▸ **Assignment**:
Leave out every picture and set down, exactly, the lines below from the one holding "A neatly arranged" up to and including the one holding "Included Items: Manufacturer's Papers".
━━ Given records ━━
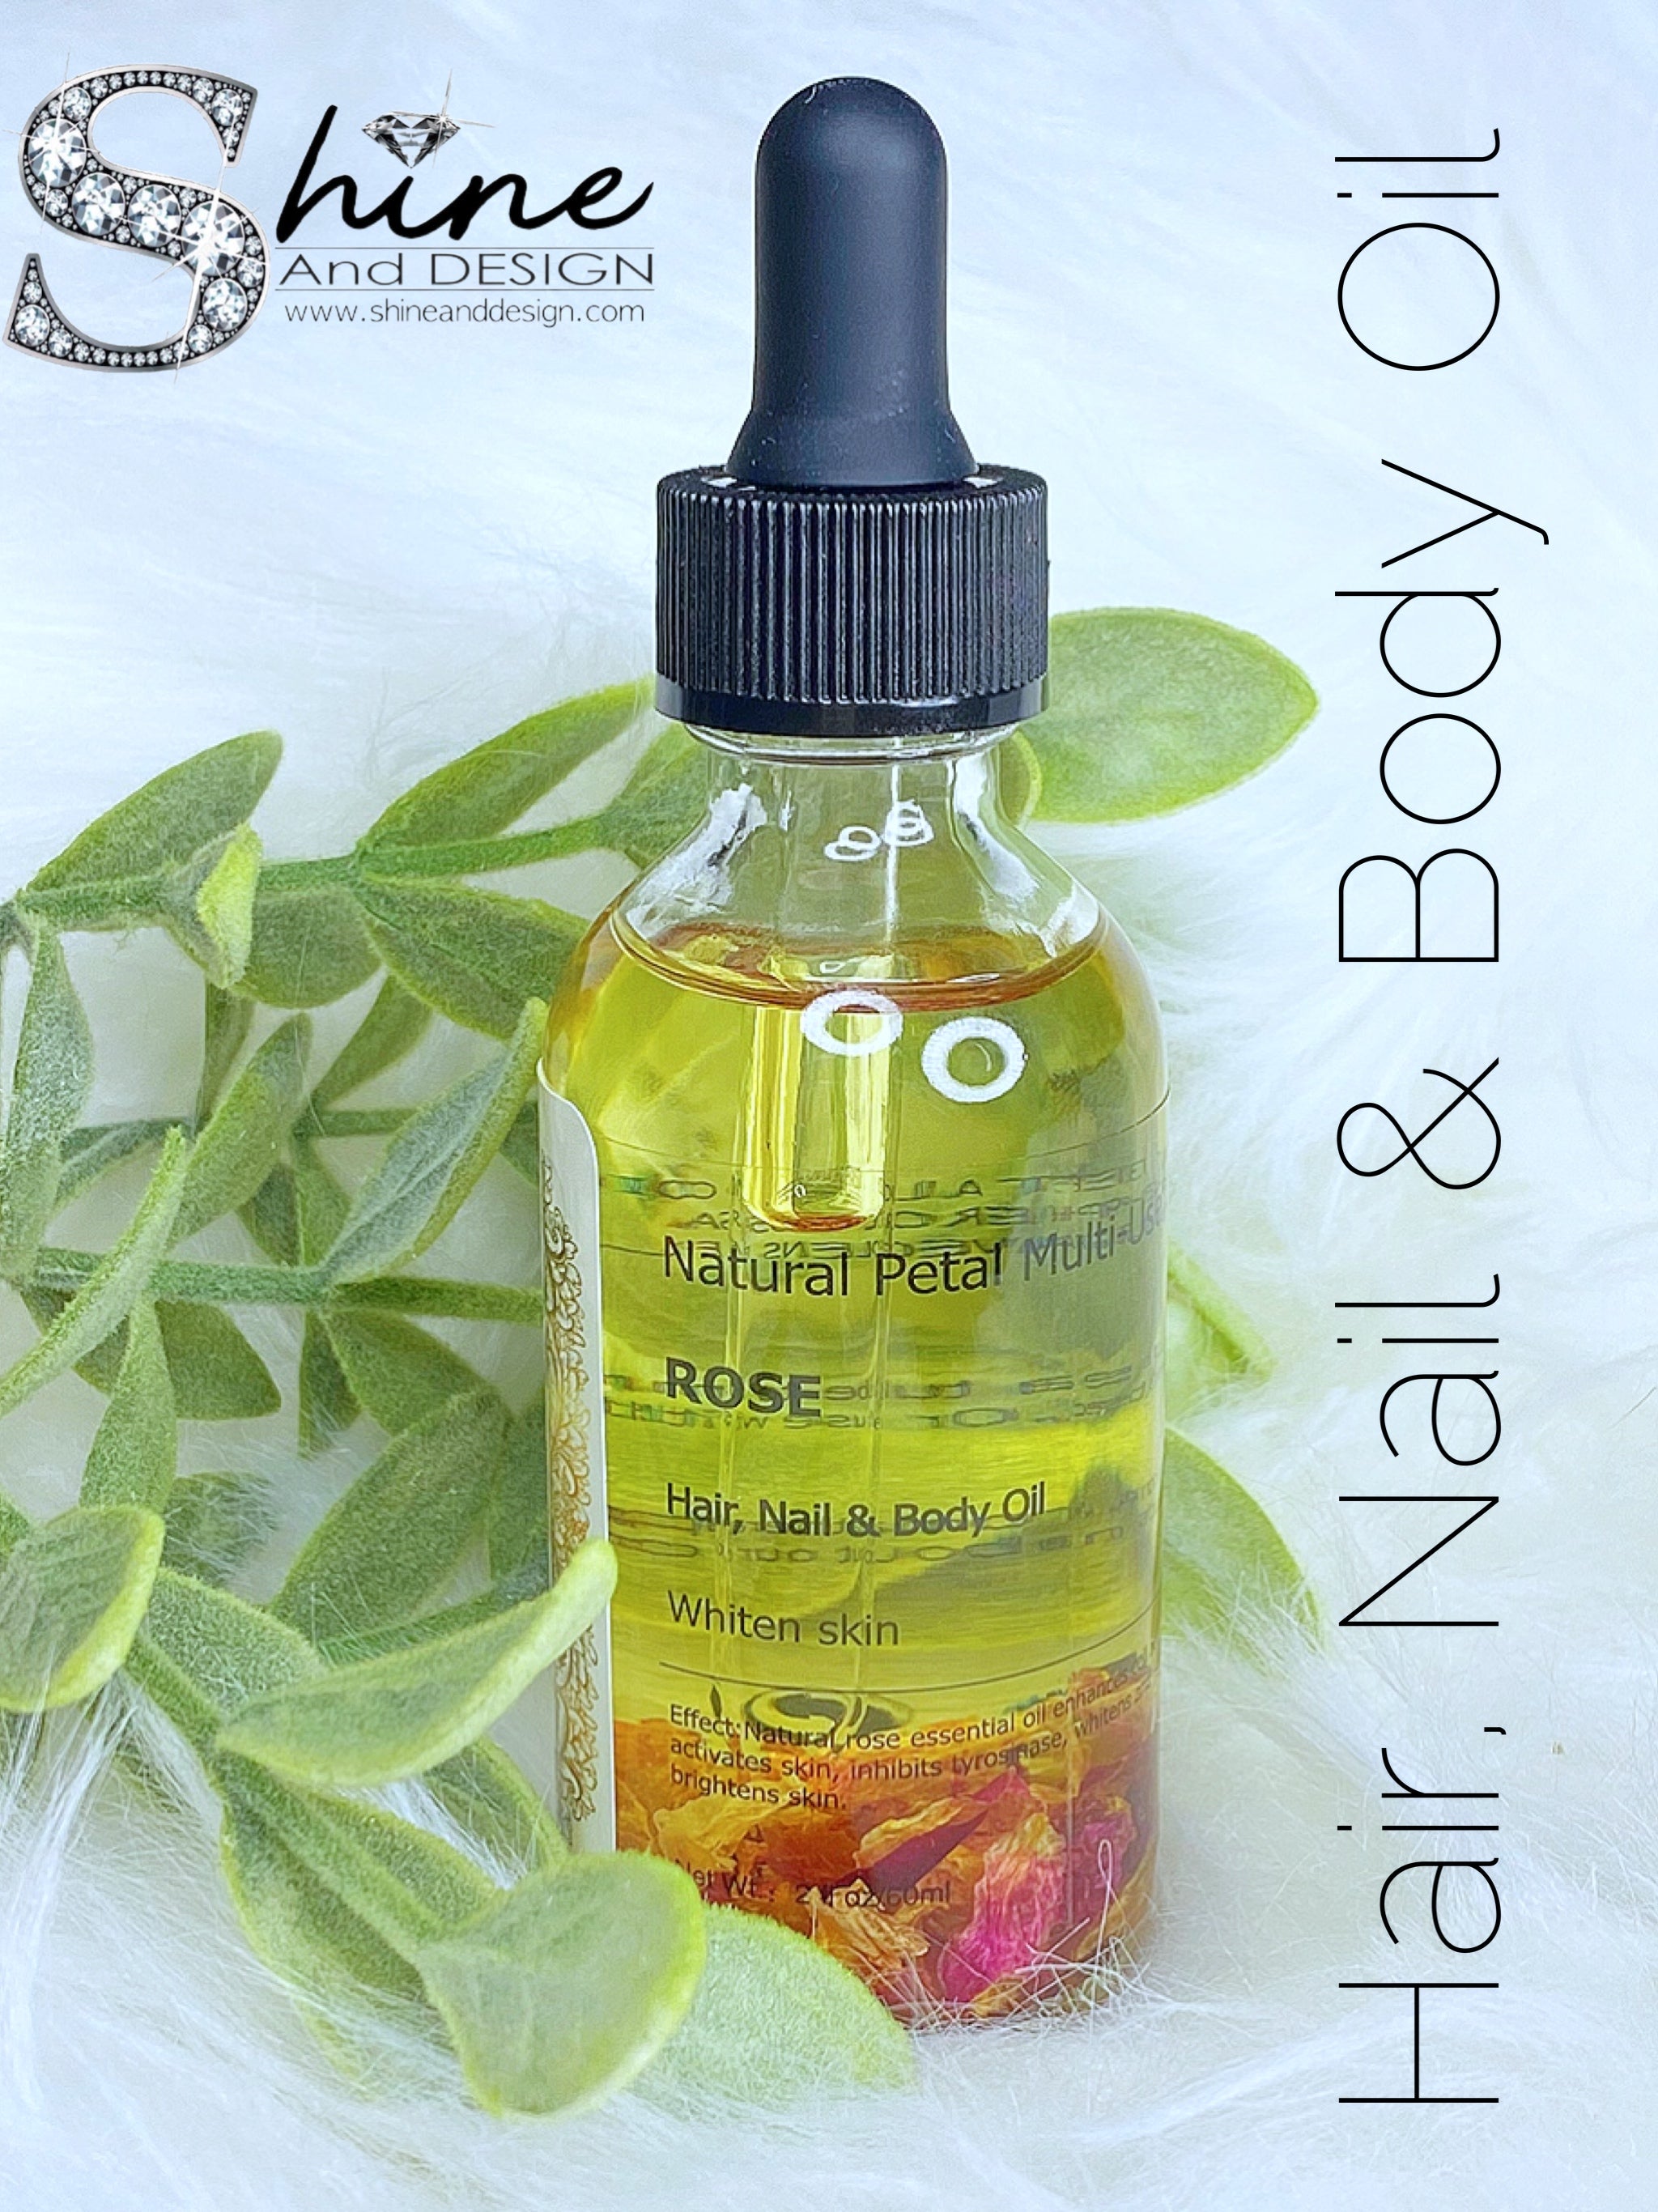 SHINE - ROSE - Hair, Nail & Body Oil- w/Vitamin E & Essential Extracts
━━━
━━ Given records ━━
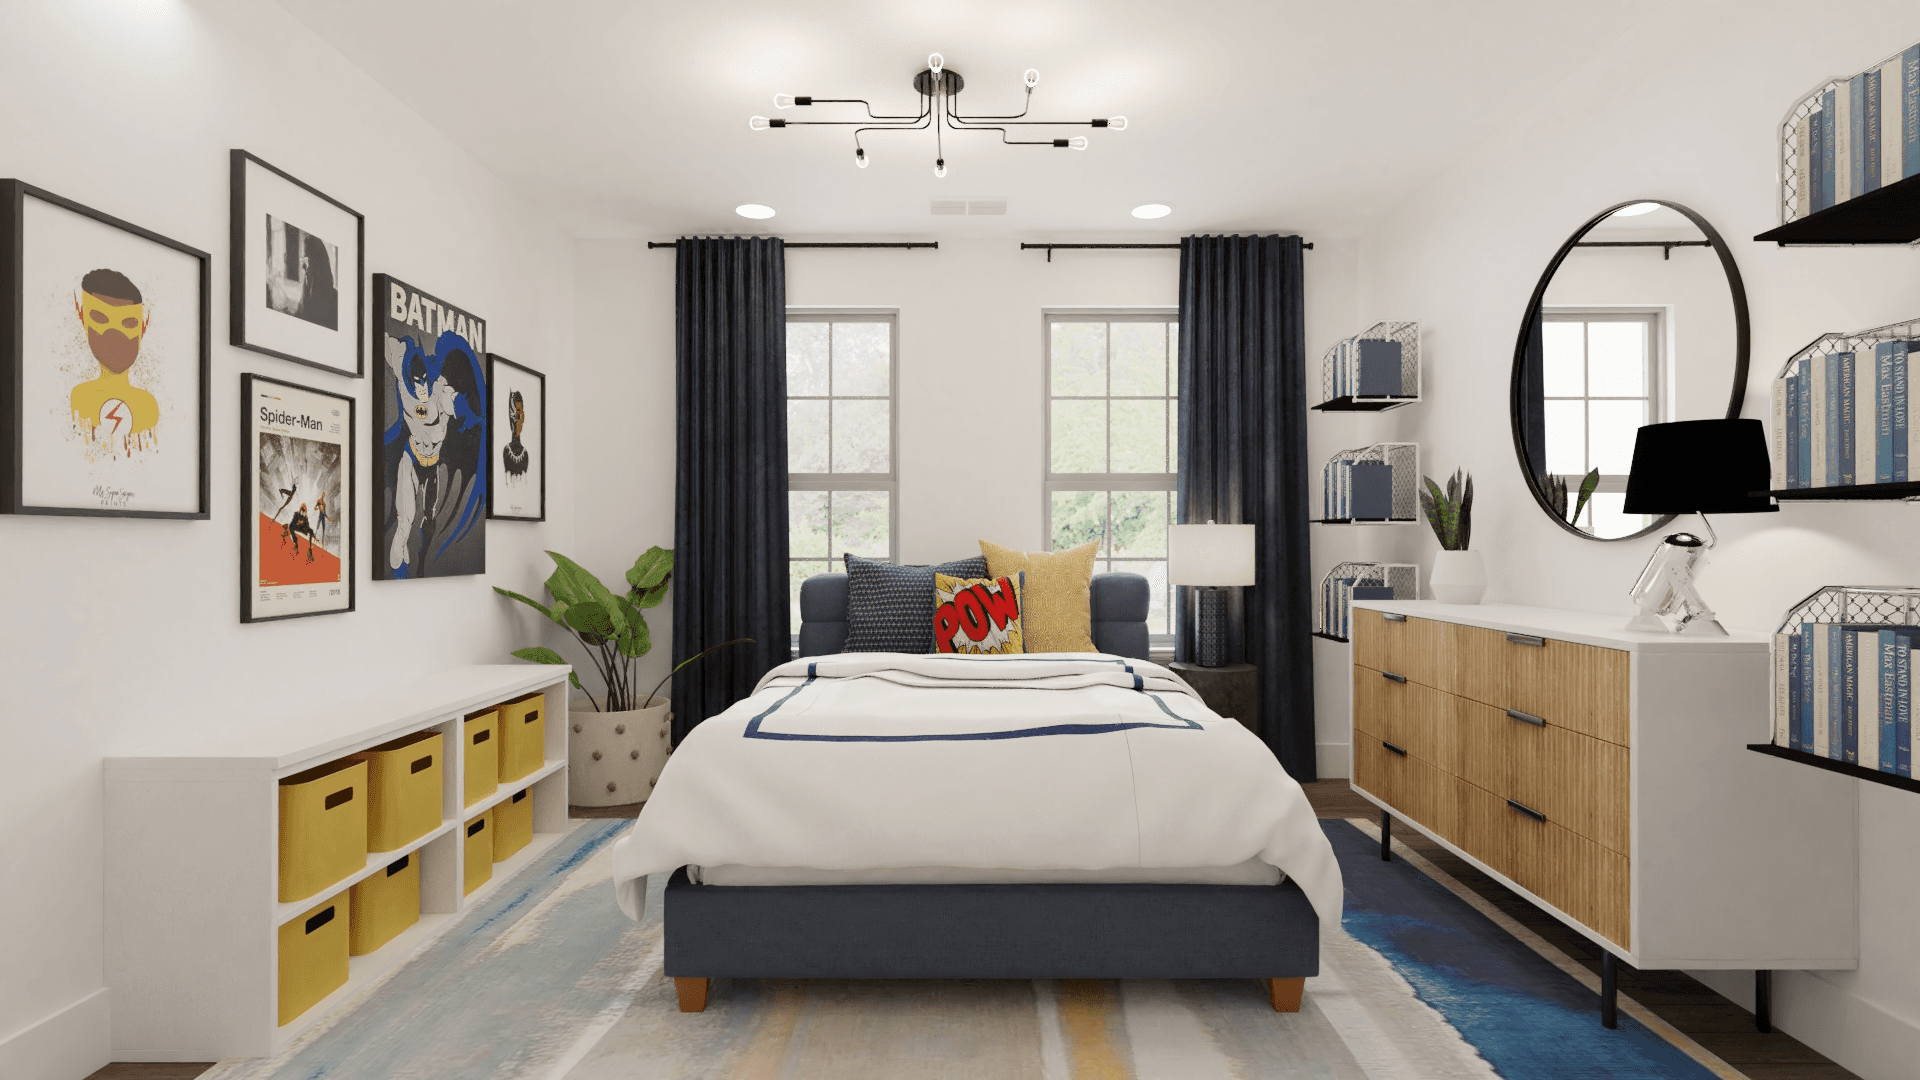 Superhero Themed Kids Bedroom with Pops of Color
━━━
━━ Given records ━━
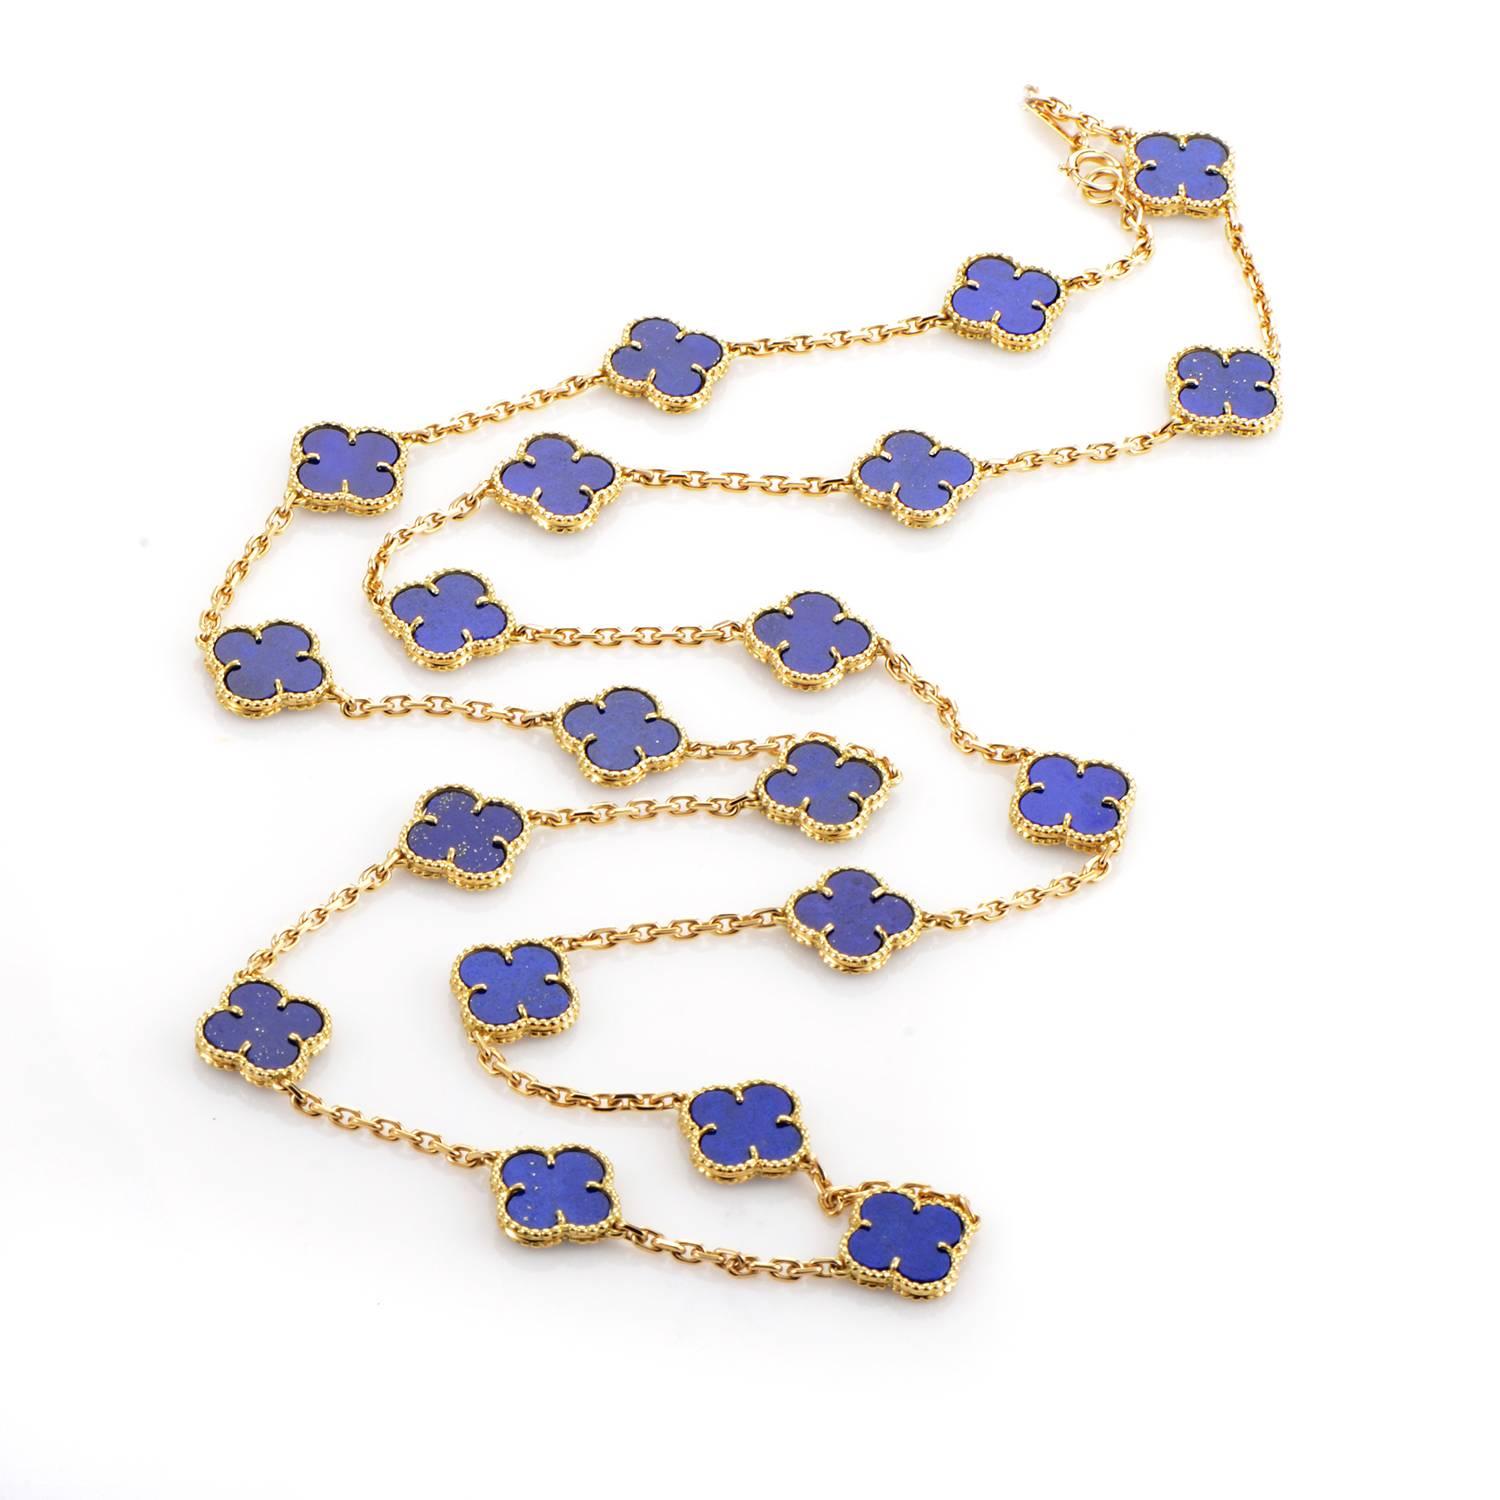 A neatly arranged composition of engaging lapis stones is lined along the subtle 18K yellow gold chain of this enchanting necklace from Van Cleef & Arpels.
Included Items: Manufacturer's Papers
━━━
▸ **Result of the exercise**:
 A neatly arranged composition of engaging lapis stones is lined along the subtle 18K yellow gold chain of this enchanting necklace from Van Cleef & Arpels.
Included Items: Manufacturer's Papers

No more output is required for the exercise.